2. The method of claim 1, wherein a said at least one ratio of
greater than 1 indicates the presence of said variance, and wherein
a said at least one ratio of less than 1 indicates the absence of
said variance.
3. The method of claim 2, wherein said at least one ratio is
selected from the group of maximum ratio and current ratio.
4. The method of claim 1, wherein said vehicle has a hydrodynamic
torque converter, and wherein the said predetermined throttle event
is selected from the group consisting of: initiation of
high-throttle 1-2 shift, initiation of high-throttle 2-3 shift,
initiation of high-throttle torque converter lockup, and at the
maximum Engine Rating Torque Function for each torque converter
drive cycle.
5. The method of claim 1, including configuring said controller
with a plurality of storage arrays, wherein each of said arrays is
dedicated to a different one of said predetermined throttle
events.
6. A method for determining the use of an aftermarket engine torque
up-rating device by detecting the variance of actual engine torque
from reported engine torque in a vehicle having an engine with an
inertia torque, a controller with accessible memory, and a
hydrodynamic torque converter having a torque converter pump and
turbine, the method comprising: calculating the pump torque of said
torque converter pump and said inertia torque; calculating an
actual engine torque by adding said pump torque and said inertia
torque; determining a reported engine torque of said engine;
calculating a current and maximum value of said ratio of said
actual torque to said reported torque; and storing said current and
maximum value in said accessible memory upon the occurrence of one
of a plurality of predetermined throttle events; wherein said
accessible memory may be accessed to determine the presence or
absence of said variance to thereby determine whether an engine
torque up-rating device was previously attached within said
vehicle.
7. The method of claim 6, wherein said plurality of predetermined
throttle events is selected from the group consisting of:
initiation of high-throttle 1-2 shift, initiation of high-throttle
2-3 shift, initiation of high-throttle torque converter lockup, and
maximum Engine Rating Torque Function for each high-throttle torque
converter drive cycle.
8. The method of claim 6, including filtering said current and
maximum value of said ratio.
9. The method of claim 8, wherein said filtering includes using a
first-order lag filter.
10. The method of claim 6, wherein said controller is configured to
receive a first speed signal from said torque converter and a
second speed signal from said engine for calculating said torque
converter pump torque.
11. An apparatus for determining the use of an aftermarket engine
torque up-rating device by detecting engine torque variance in a
vehicle having an engine, a throttle, and a hydrodynamic torque
converter, the apparatus comprising: a controller having accessible
memory; and an algorithm for calculating the value of the variance
of the current and maximum actual engine torque from the reported
engine torque upon the occurrence of one of a plurality of
predetermined throttle conditions, and storing said value in said
accessible memory; wherein said controller is configured to
initiate said algorithm upon the occurrence of one of said
predetermined throttle conditions.
12. The apparatus of claim 11, wherein said predetermined throttle
conditions are selected from the group of: initiation of
high-throttle 1-2 shift, initiation of high-throttle 2-3 shift,
initiation of high-throttle torque converter lockup, and maximum
Engine Rating Torque Function for each high-throttle torque
converter drive cycle.
13. The apparatus of claim 11, wherein said throttle is configured
to communicate an engine speed signal to said controller.

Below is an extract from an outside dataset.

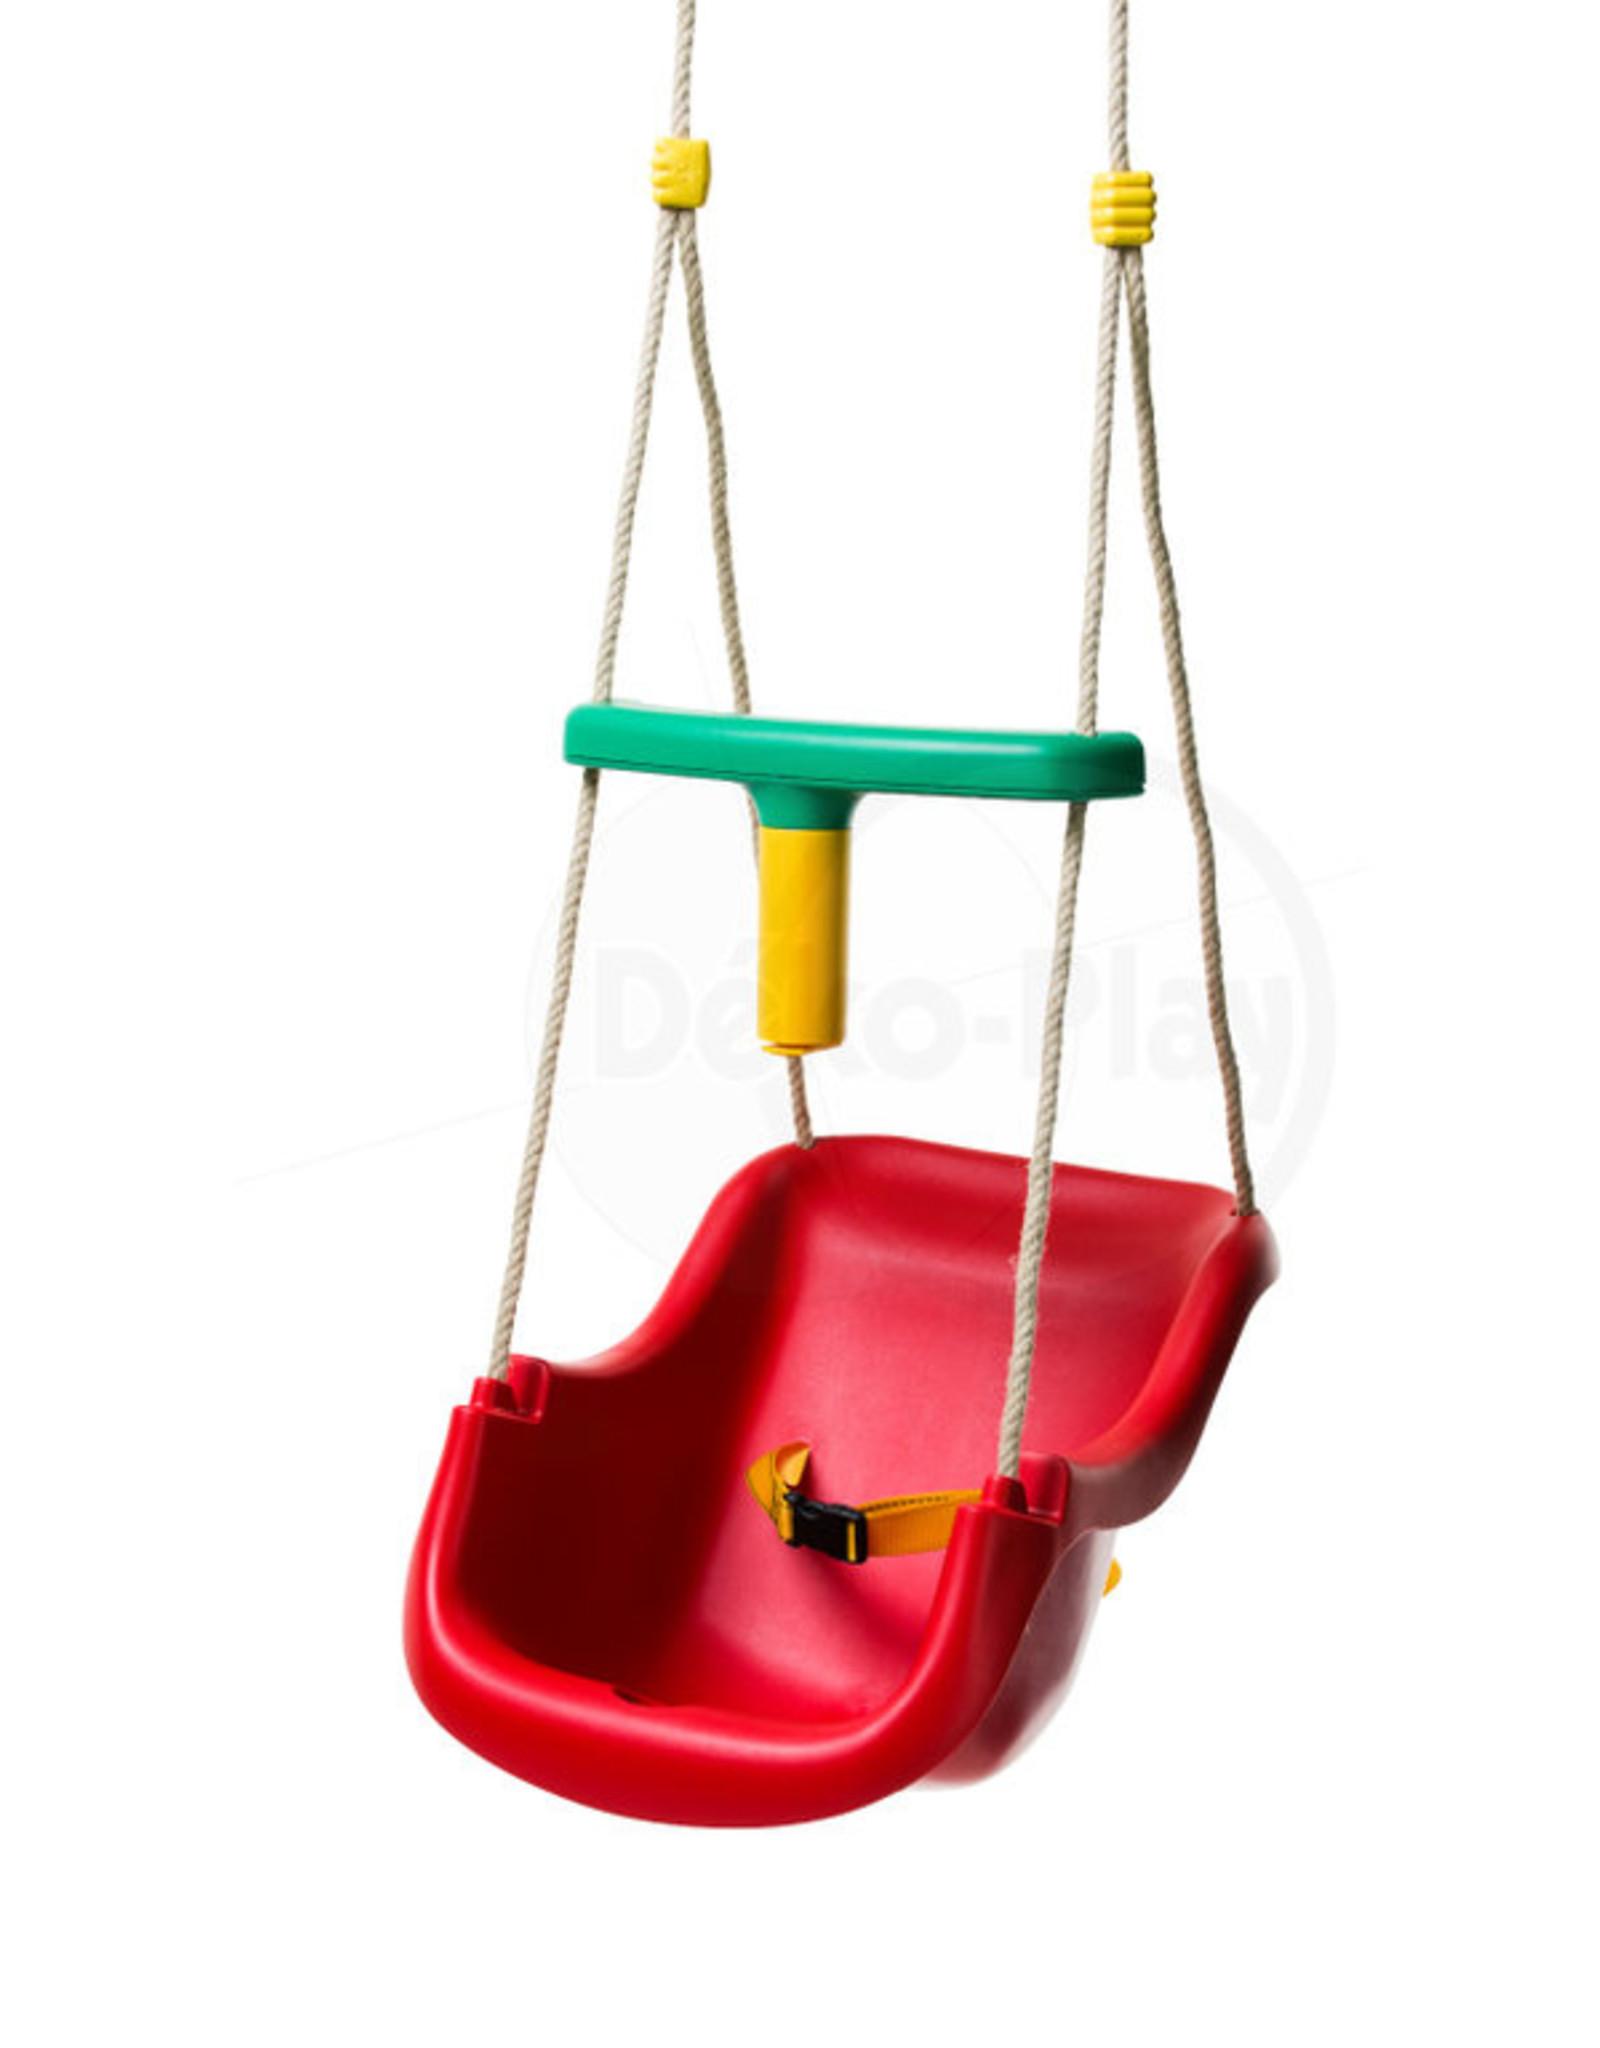 Déko-Play Déko-Play peuter schommelstoel Blauw met PH touwen

14. The apparatus of claim 11, wherein said hydrodynamic torque
converter is configured to communicate a turbine speed signal to
said controller.
15. The apparatus of claim 11, wherein said accessible memory has a
plurality of storage arrays, wherein each of said arrays
corresponds to a different one of said predetermined throttle
conditions.
Description
TECHNICAL FIELD
[0001] The present invention relates to an apparatus and method for
determining the variance of an actual torque from a reported torque
of a vehicle engine, the apparatus and method being suitable for
detecting the potential use of a torque up-rating kit on the
engine.
BACKGROUND OF THE INVENTION
[0002] Vehicle transmissions are designed to transmit rotational
force, i.e. torque, from an engine to the point of use, such as the
drive axles or drive wheels, in order to propel the vehicle at a
relatively wider range of output speeds. While an engine is
generally designed to produce a sufficient known input or reported
engine torque within a relatively narrow range of engine rotational
speed, the vehicle itself preferably operates over the wider range
of output speeds. Manual and automatic transmissions are typically
configured to work in conjunction with an engine having a known
reported torque in order to safely enable engagement with the
transmission over the comparatively wide band of transmission
output speeds while still enabling smooth or fluid gear shifting
across the entire range of output speeds.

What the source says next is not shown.